Several studies have been performed by other researchers for comparing the performance of different types of neural networks in predicting the air pollutant concentrations. For instance, Ordieres et al. (2005) indicated a neural network model for forecasting fine particulate matter (PM_2.5) on the US-Mexico border. They compared three different architectures of neural networks, including multi-layer perceptron (MLP), square multilayer perceptron (SMLP), and radial basis function (RBF). The mean and maximum of PM_2.5 concentrations, average temperature, relative humidity and wind velocity (first 8 h), as well as wind direction index, were used as inputs to the network. The results showed that RBF neural network could be considered as more suitable option than the MLP and SMLP networks, it presented the best behavior with the shortest training times, combined the greater stability during the prediction stage. Yadav and Nath (2018) compared two different neural network architectures, including RBF and generalized regression neural network (GRNN), to predict PM₁₀ concentrations. The root mean square error (RMSE) parameter was calculated for both architectures (7.86 × 10⁻⁴ and 0.0085, respectively). The results showed that RBF predicts PM₁₀ concentration better than GRNN.

In recent decades, some combined techniques have been suggested by researchers to improve the efficiency of neural networks. For example, Franceschi et al. (2018) used the principal component analysis (PCA) method to determine the variables that most influenced the behavior of the data. Lu et al. (2004) predicted concentrations of RSP, NO_x, and NO₂ in Mong Kok city, Hong Kong. In this study, they assessed the PCA/RBF approach as their proposed model compared to the simple RBF method. The results showed that using PCA method reduces the number of network inputs and enhances the speed of network learning. In addition, the prediction results of PCA/RBF model were more accurate than simple RBF network.
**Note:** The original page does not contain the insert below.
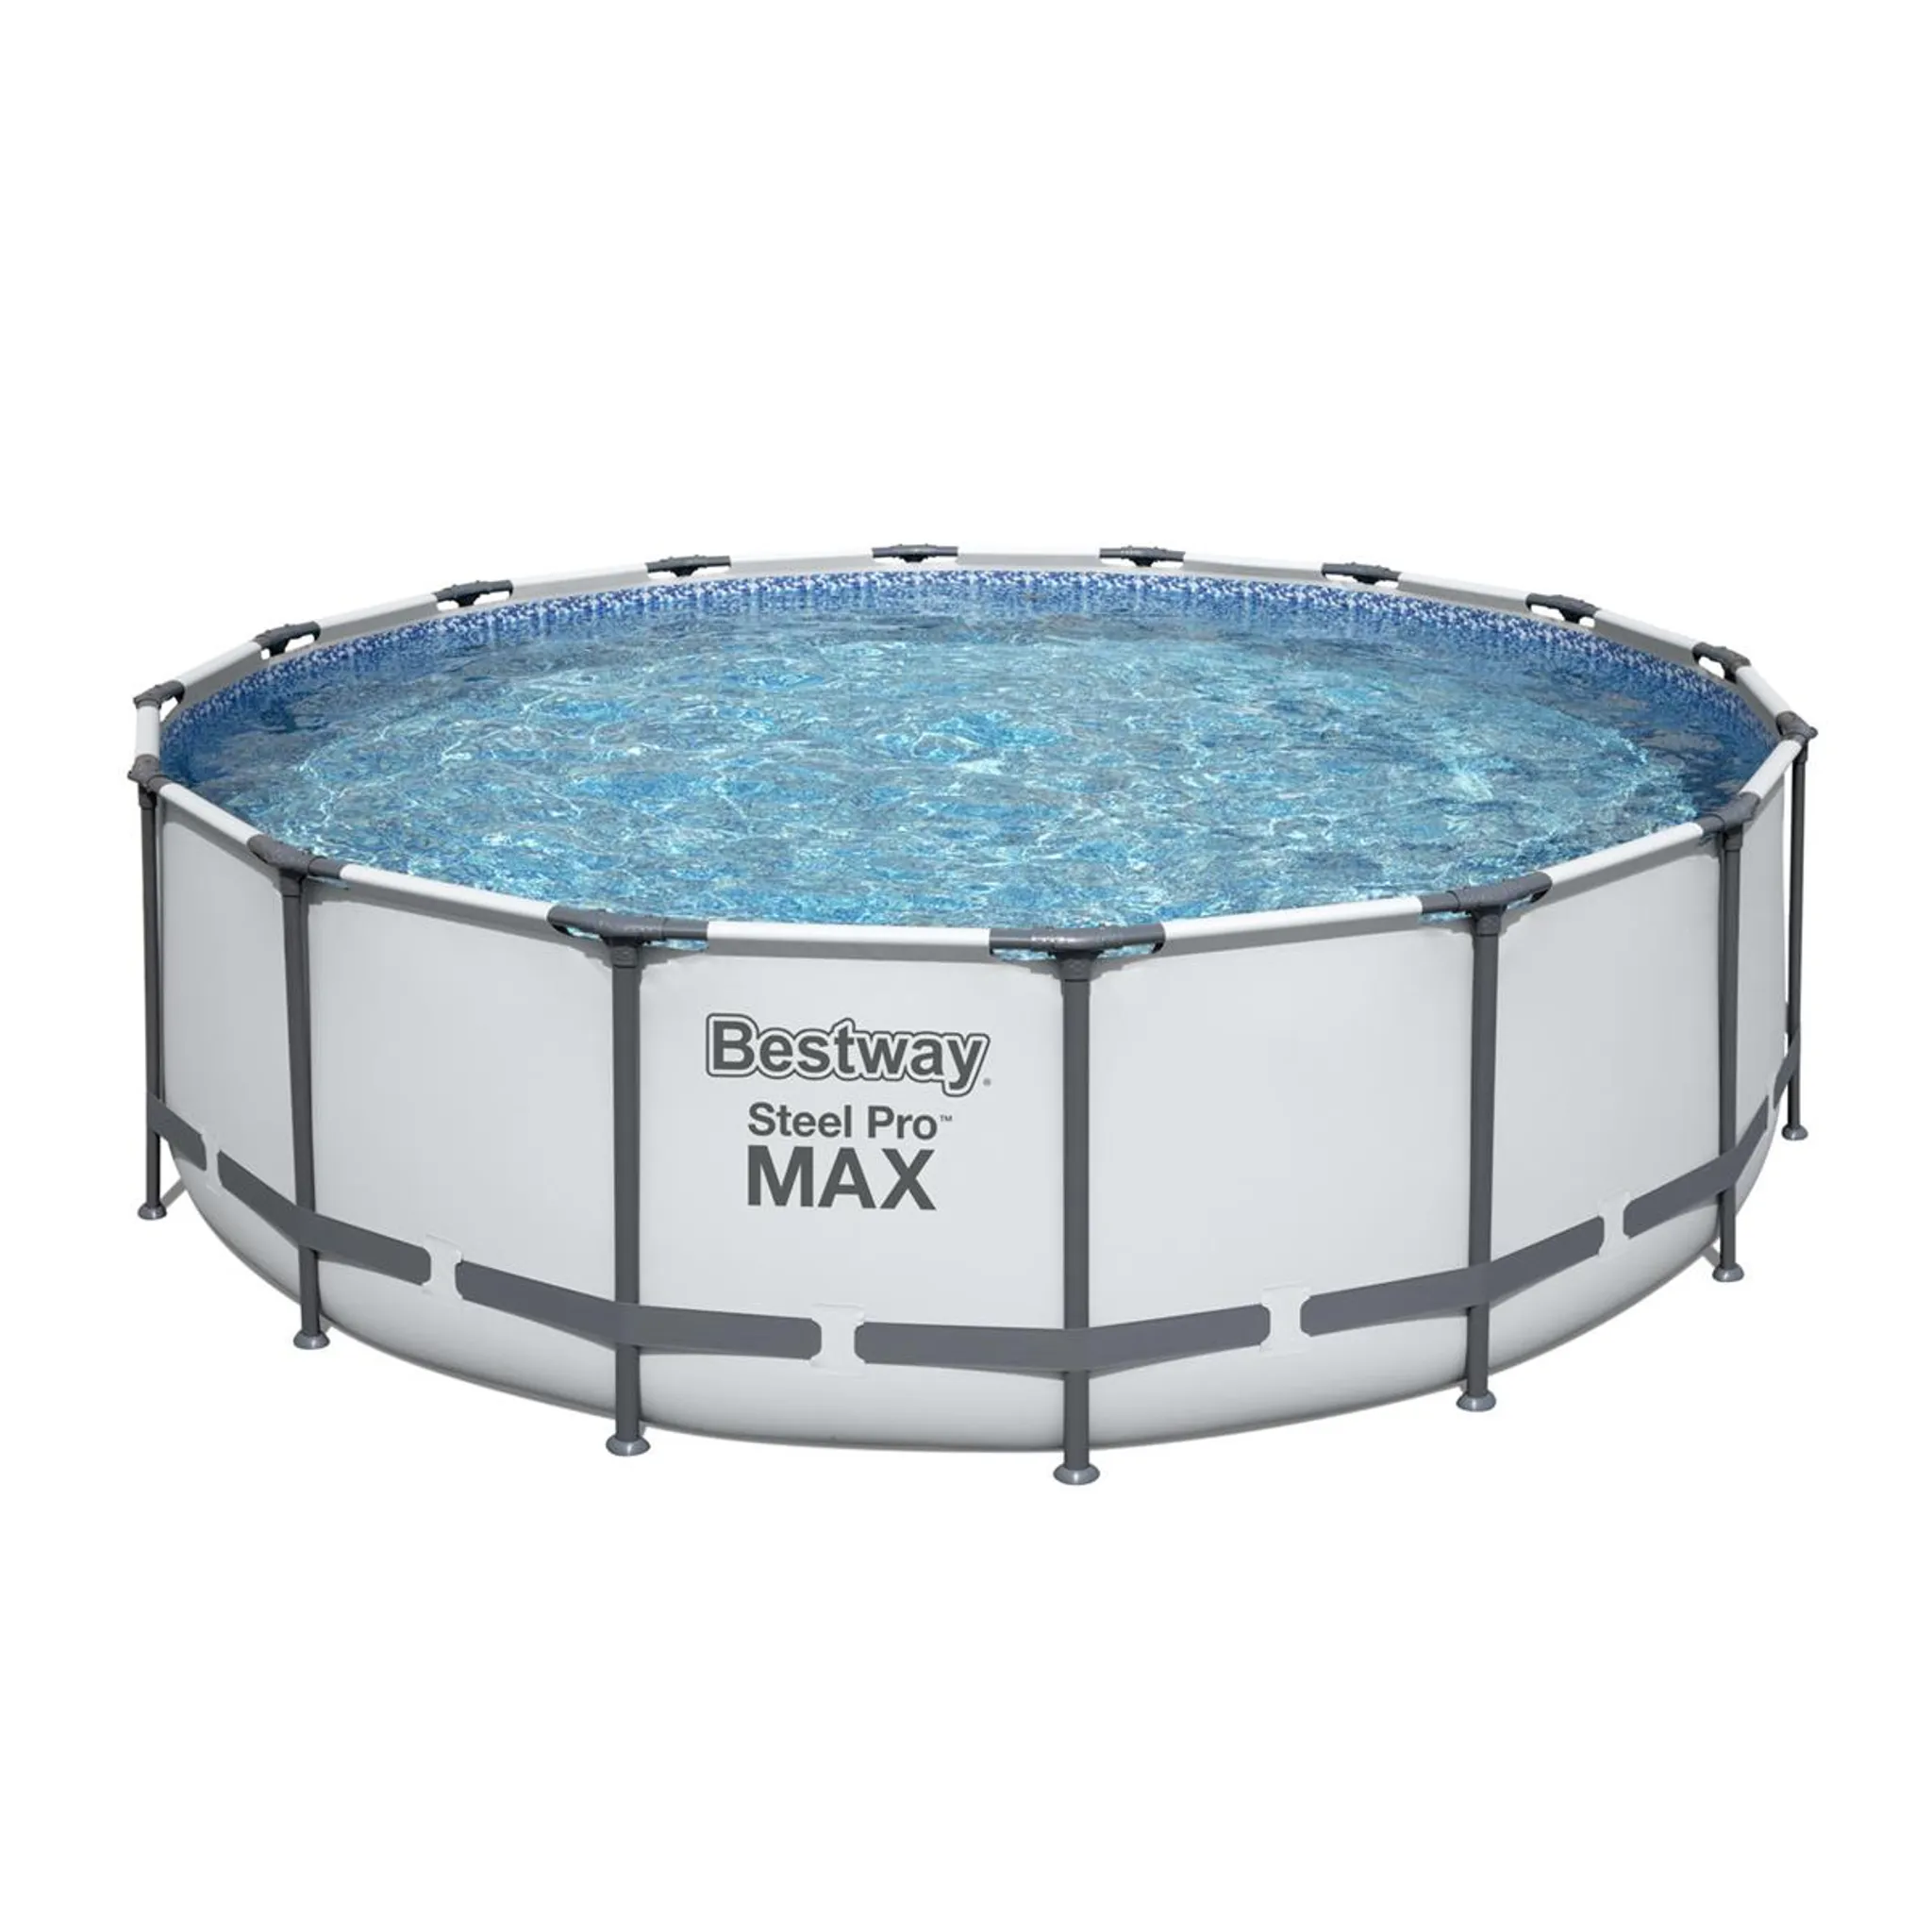 Bestway Steel Pro MAX Pool rund Ø 488 x 122

Gao et al. (2020) developed a neural network model to estimate PM_2.5 personal exposure in Tianjin, China. Four modeling techniques, including time-integrated activity modeling, Monte Carlo simulation, ANN modeling, and combined use of PCA and ANN model, were used to evaluate their ability for predicting real exposure values of PM_2.5. They concluded that the combined use of PCA and ANN model produced the most accurate result with R² of 0.99 and RMSE lower than 15.
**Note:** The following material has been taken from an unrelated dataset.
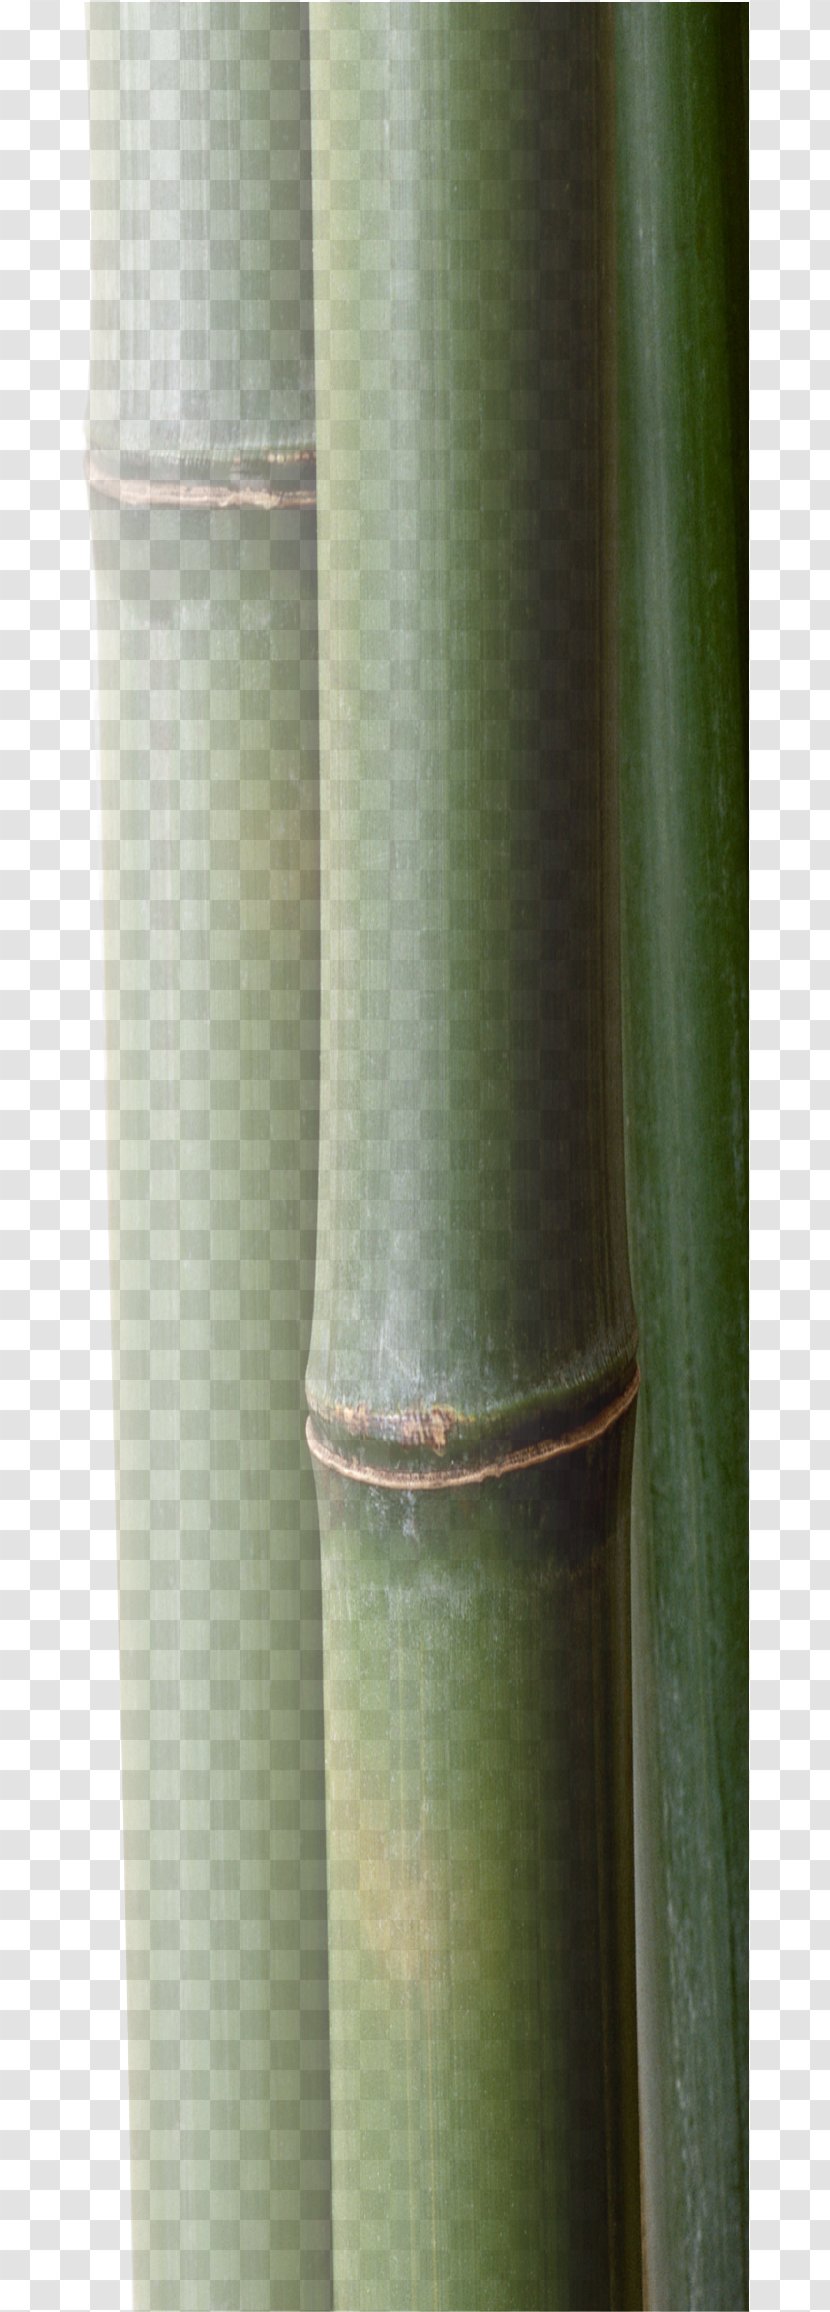 Plant Stem Cylinder - Bamboo Transparent PNG

Urmia, the capital of West Azerbaijan province and one of the major metropolises of Iran, is now faced with air pollution problems. Hence, monitoring the air pollutants and forecasting the future concentrations in this city is essential from the crisis management point of view. For this purpose, using the statistical methods, including forecasting approaches, along with the application of stationary measuring devices, established in different parts of the city would be promising. This article attempts to evaluate the effect of input parameters of the last 1, 2, and 3 days on prediction of the current day concentrations of PM_2.5. In addition, the role of PCA in improving the efficiency of neural network models in prediction of PM_2.5 concentrations around one of the stationary monitoring stations in Urmia was evaluated.

Study Area

Urmia County in West Azerbaijan province is the center of Urmia city. It is located in the Urmia plain on the slopes of Mount Sir, 20 km of Lake Urmia. Indeed, Urmia is surrounded by Lake Urmia and the western mountains of the West Azerbaijan Province (Fig. 1). In terms of geographical location, Urmia is located in northwestern Iran in 37° 33″ N and 45° 4″ E with an altitude of 1,332 m above sea level. According to the 2016 Census, the population of Urmia city is 736,224 capita, and its area is over 10,000 hectares. In terms of climate, the Urmia county has a relatively warm summer and a cold winter. The maximum and the minimum temperatures occur in August and in January, respectively. The prevailing wind direction is from west to east. In Urmia, the annual average temperature and wind velocity are 9.8°C and 10.5 m/s, respectively. The maximum wind velocities occur in May and March and the minimum velocities are recorded in January and February. The rainy season in Urmia begins in late October and early November and ends in June. The long-term mean precipitation is 238.2 mm. In recent years, air pollution in Urmia tends to be increased as a severe air pollution due to the increase in PM_2.5 concentrations, and it was experienced in December 2017 (for more detail, please see Supplementary Table S2). The average concentration of PM_2.5 in December 2017 was 65.49 μg/m³. In 6 days of this month (15 to 19 December), the concentration of PM_2.5 exceeds to 100 μg/m³. During this time, the highest mean daily concentration recorded for PM_2.5 was 142.13 μg/m³. This led to the closure of schools and many public and private organizations (Nouri et al., 2018).

FIG. 1.

Location of air quality monitoring and meteorological station in the Urmia City. (A: Urmia airport synoptic station; B: Urmia air quality monitoring station No. 3; the red line represents the city of Urmia).

Research Method

Variables selection

To predict the concentrations of the indicator, air pollution parameter (PM_2.5, here), network input variables must be determined at first. Generally, model inputs can be selected according to prior information on the variables' characteristics as well as to past researches (Ordieres et al., 2005; Memarianfard and Hatami, 2017; Perez and Menares, 2018). We started with a large amount of candidate input parameters (air pollutants and meteorological variables). Only those that improved predicted PM_2.5 values were kept.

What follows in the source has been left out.